The Republican field for president has one stable center of gravity right now -- Senator Ted Cruz of Texas. Cruz doesn't dominate with ideas or fundraising prowess or his political network. He dominates with orthodoxy. As the most inflexible and unyielding conservative presidential prospect in a party with an inflexible and unyielding base, Cruz represents the pure religion against which the beliefs of other candidates are judged.
You can see the effects of Cruz's gravitational pull on the retrograde orbit of Senator Marco Rubio of Florida. Rubio boldly championed immigration reform and seems eager to be identified with realistic policy ideas. But his entrepreneurial streak has left the base skeptical of his motives, and Rubio appearing compromised and conflicted.
Rand Paul is a more unconventional candidate than Rubio, and more openly dismissive of some Republican orthodoxies -- drug prohibition, muscular foreign policy, no voting rights for felons -- though not the paramount commitment to protect the wealthy from downward redistribution.
Rubio and Paul are properly portrayed as rivals. But the ambitions of both are constrained by the base's orthodoxy, and by Cruz's determination both to stoke and satisfy it. Under attack, Rubio ran away from his own immigration legislation. Similarly, Paul pointed out the wrongheadedness of Republican-engineered restrictions on voting (making a case on practical and political, rather than moral, grounds, but still), only to promptly retreat.
Right now, perhaps the best thing Paul and Rubio have going for them is each other. When Rubio proposes a thoughtful reform of student loans, he stretches the boundaries for Paul. When Paul says Republicans need to reach out to racial minorities -- even with his own complicated history on race -- or "agree to disagree" on social issues, he creates elbow room for Rubio.

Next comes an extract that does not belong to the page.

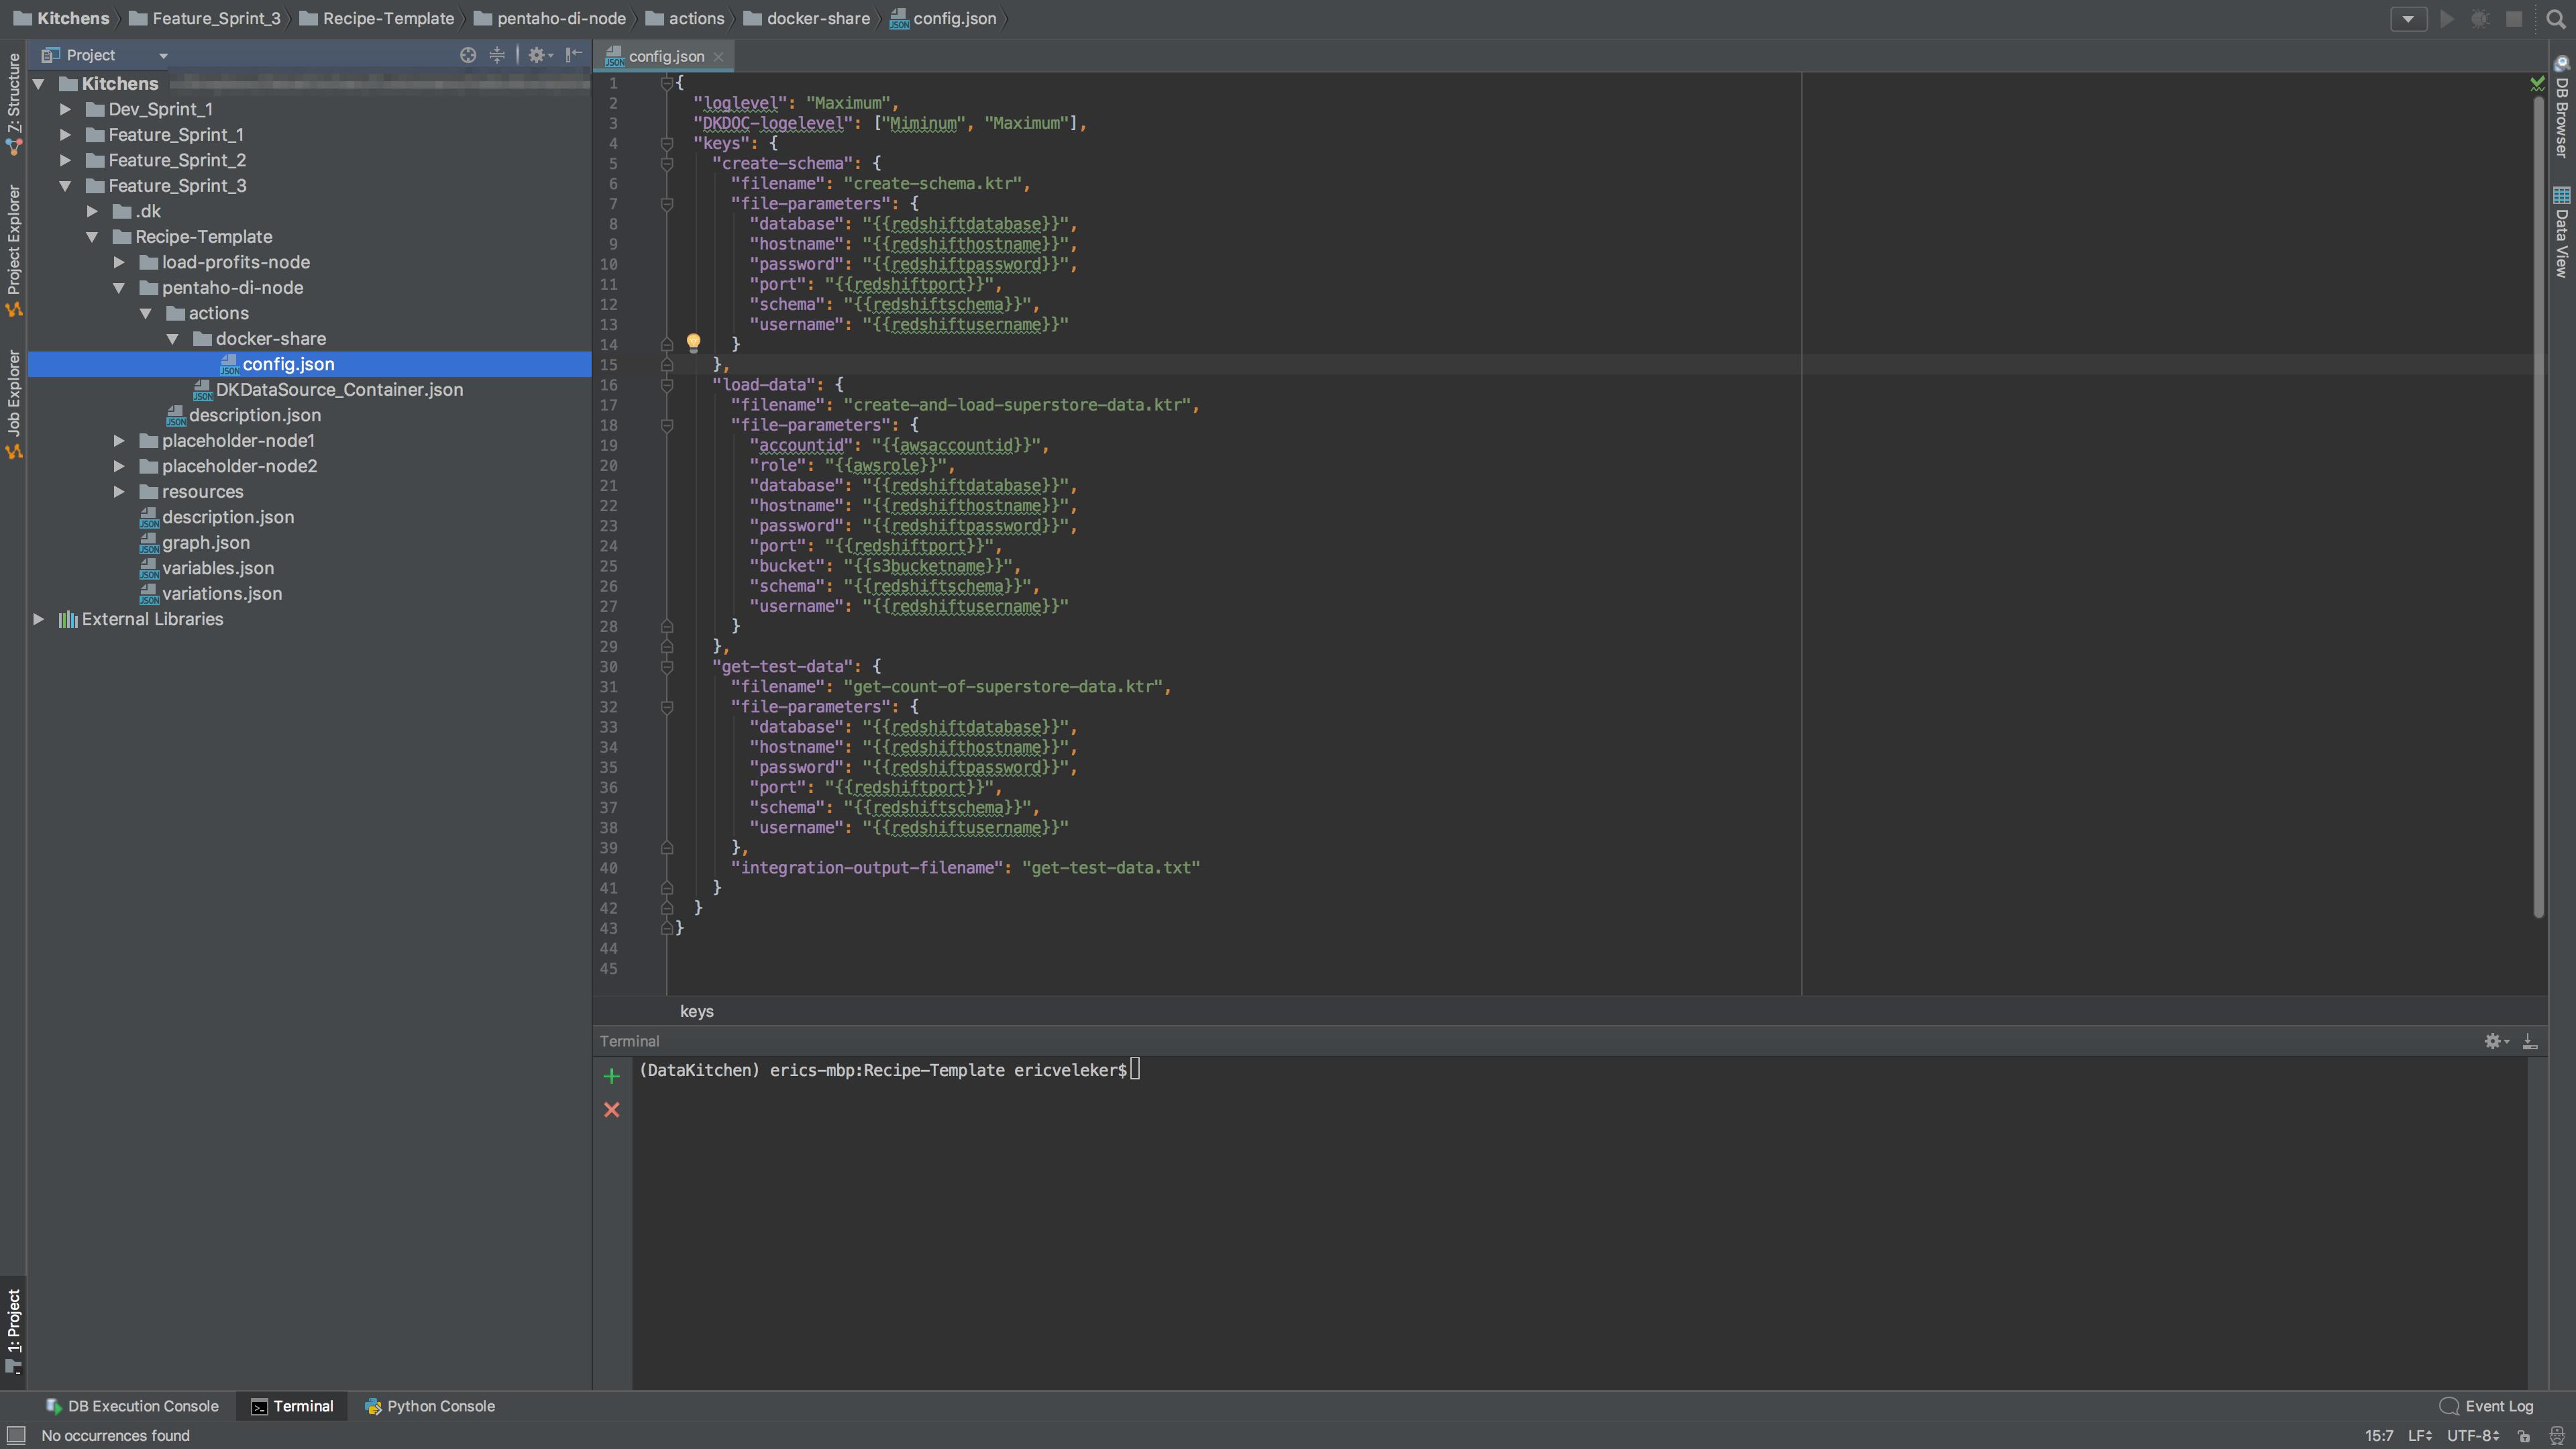 A view of **pentaho-di-node**'s configuration file, **config.json**.

But this two-man dynamic isn't sufficient: Rubio remains battered by his attempt to solve a problem, immigration, which the base doesn't want solved, and Paul remains too much of a party outlier. They could use a hand from a third amigo: Jeb Bush.

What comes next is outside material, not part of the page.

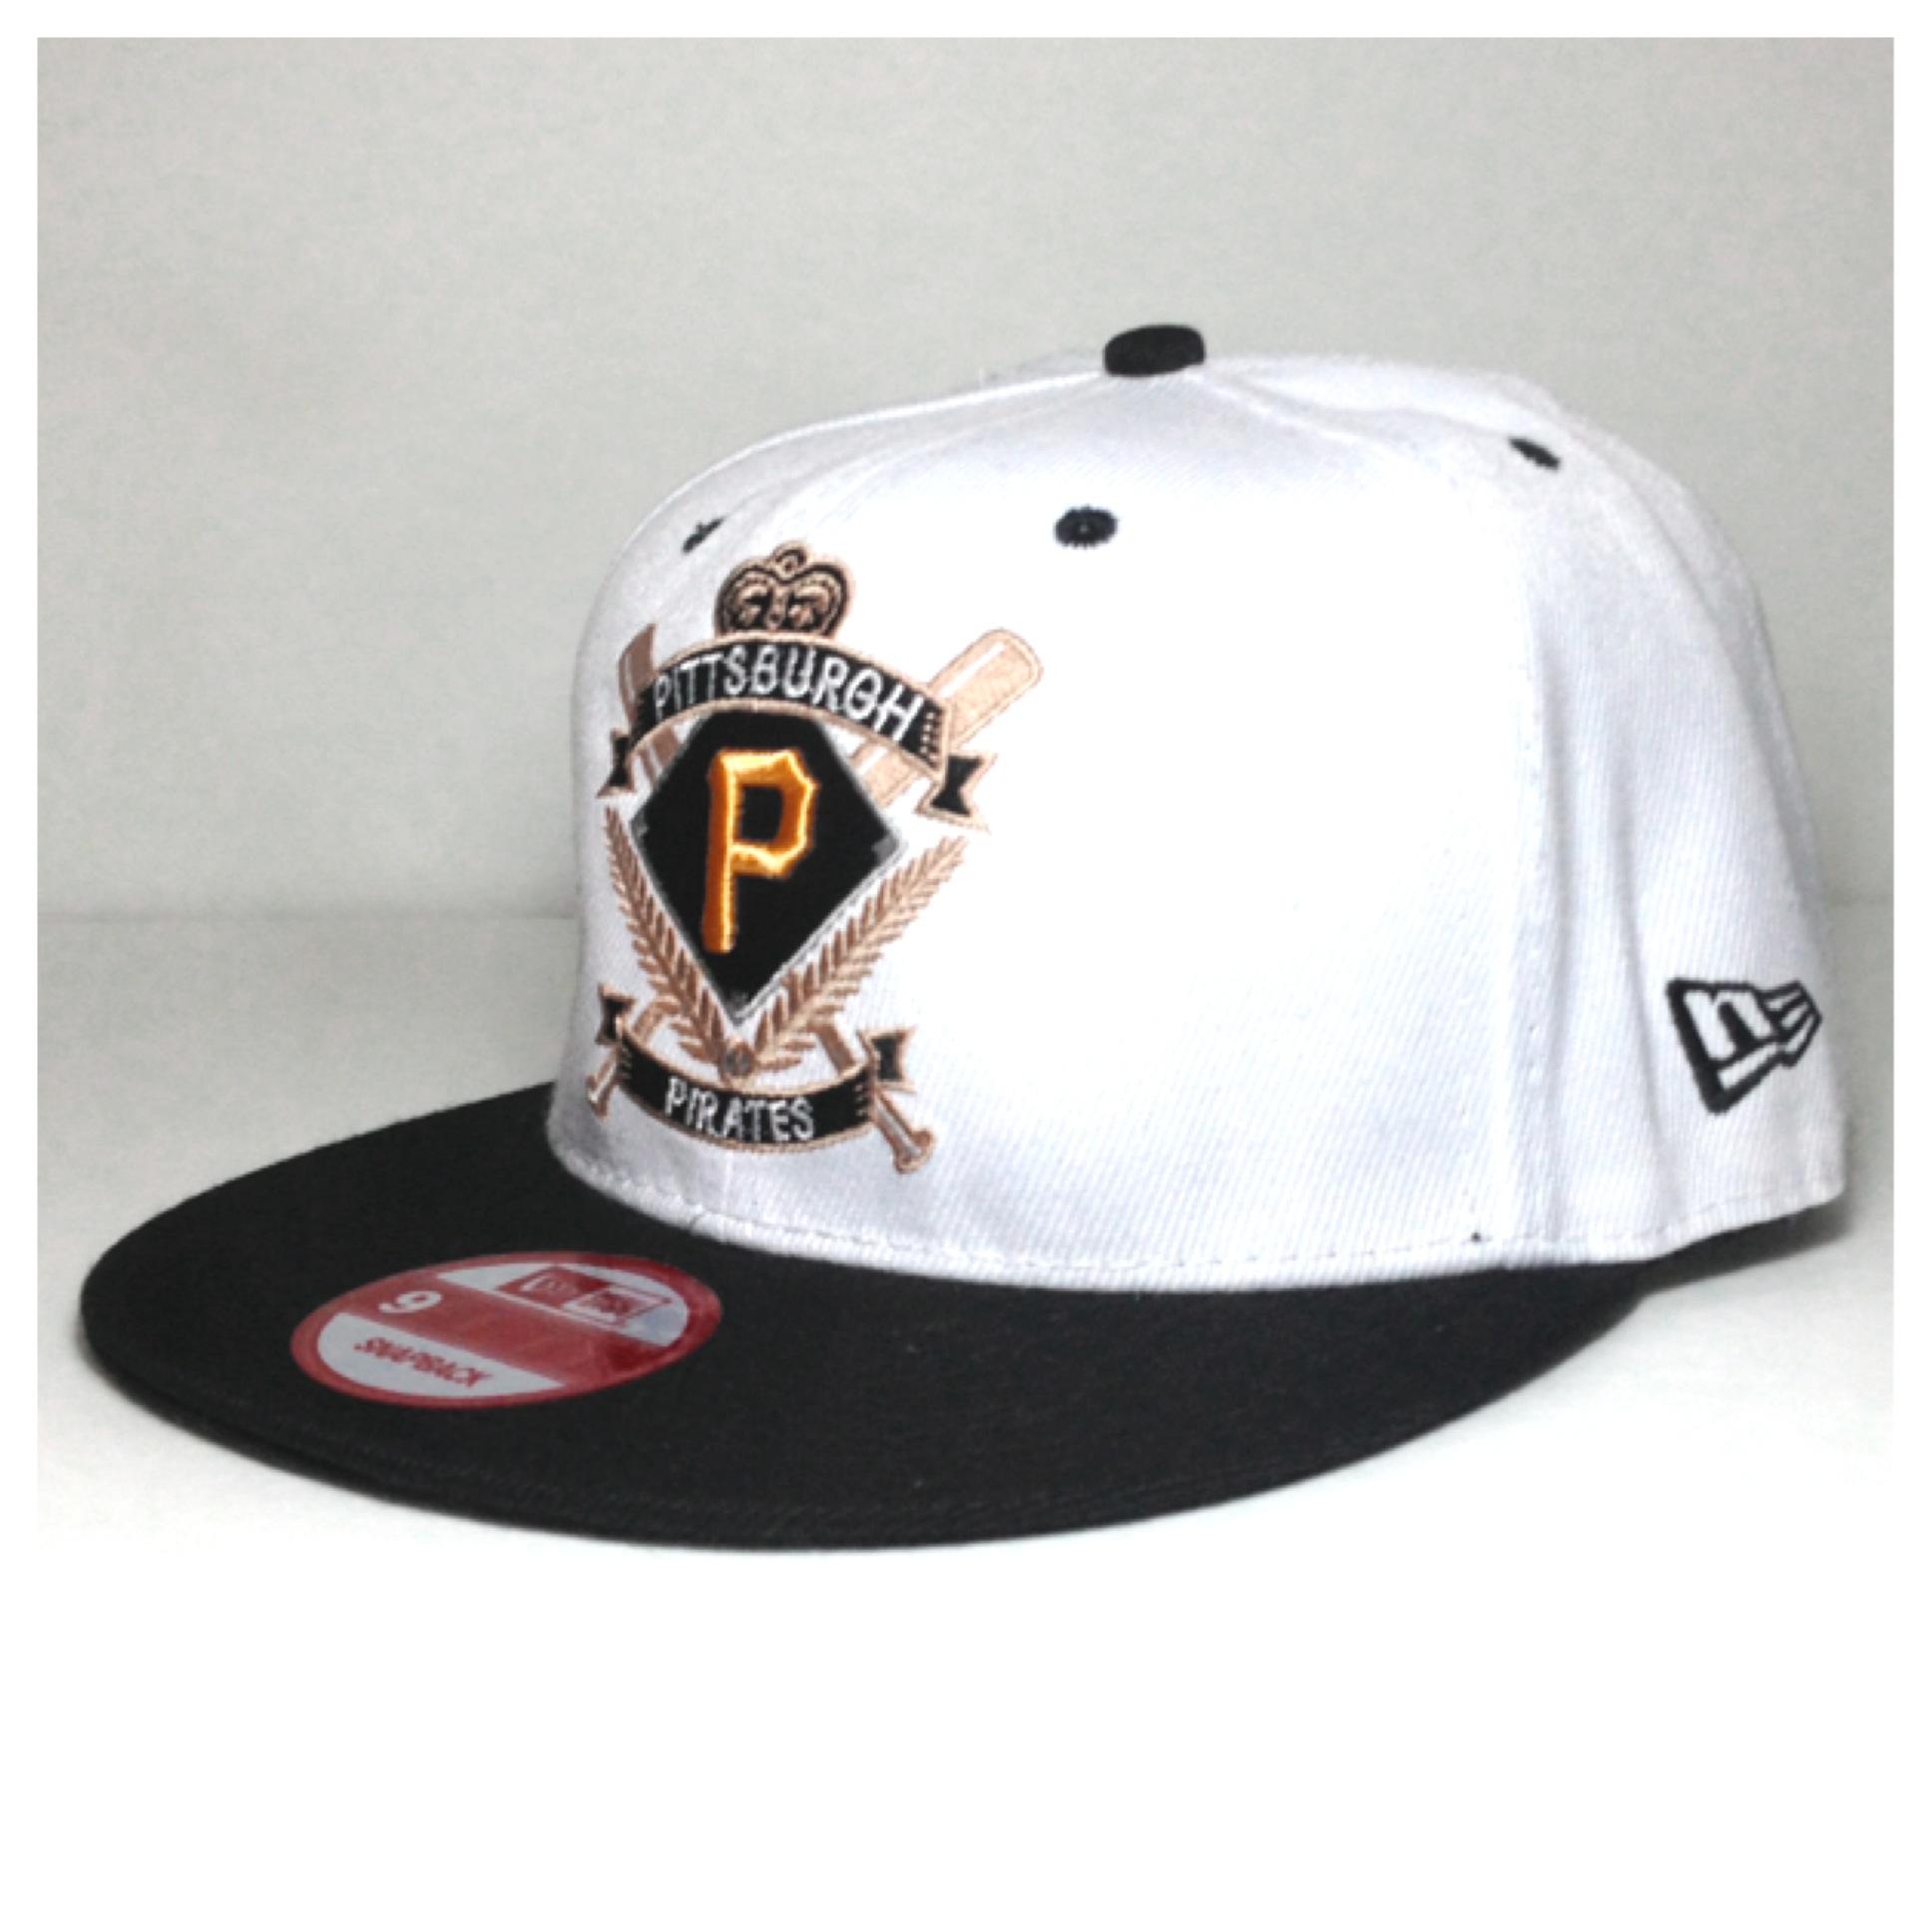 ad3c61e51de 002 MLB Pittsburgh Pirates Snapback · Tiger s Discount Store ...

By entering the presidential race, Bush would be a spokesman for sane conservatism, but he would also be another force pushing against the party's contraction. His deliberately provocative comments on immigrants -- in which he described crossing the border as an "act of love" -- alienates him from the rank and file. And his refusal to walk away from his support for the Common Core education reforms won't help win those voters back. But by establishing himself as a Chamber of Commerce candidate who refuses to kowtow to the Cruz wing, he can help loosen the straitjacket that keeps Republican politics and policy so dangerously restricted.
That straitjacket strangled the 2012 Republican field. Texas Governor Rick Perry was clobbered for expressing empathy toward undocumented immigrants. Eventual nominee Mitt Romney spent the primary trumpeting his managerial superiority while insisting on his ideological fraternity with his opponents, right-wing loons included.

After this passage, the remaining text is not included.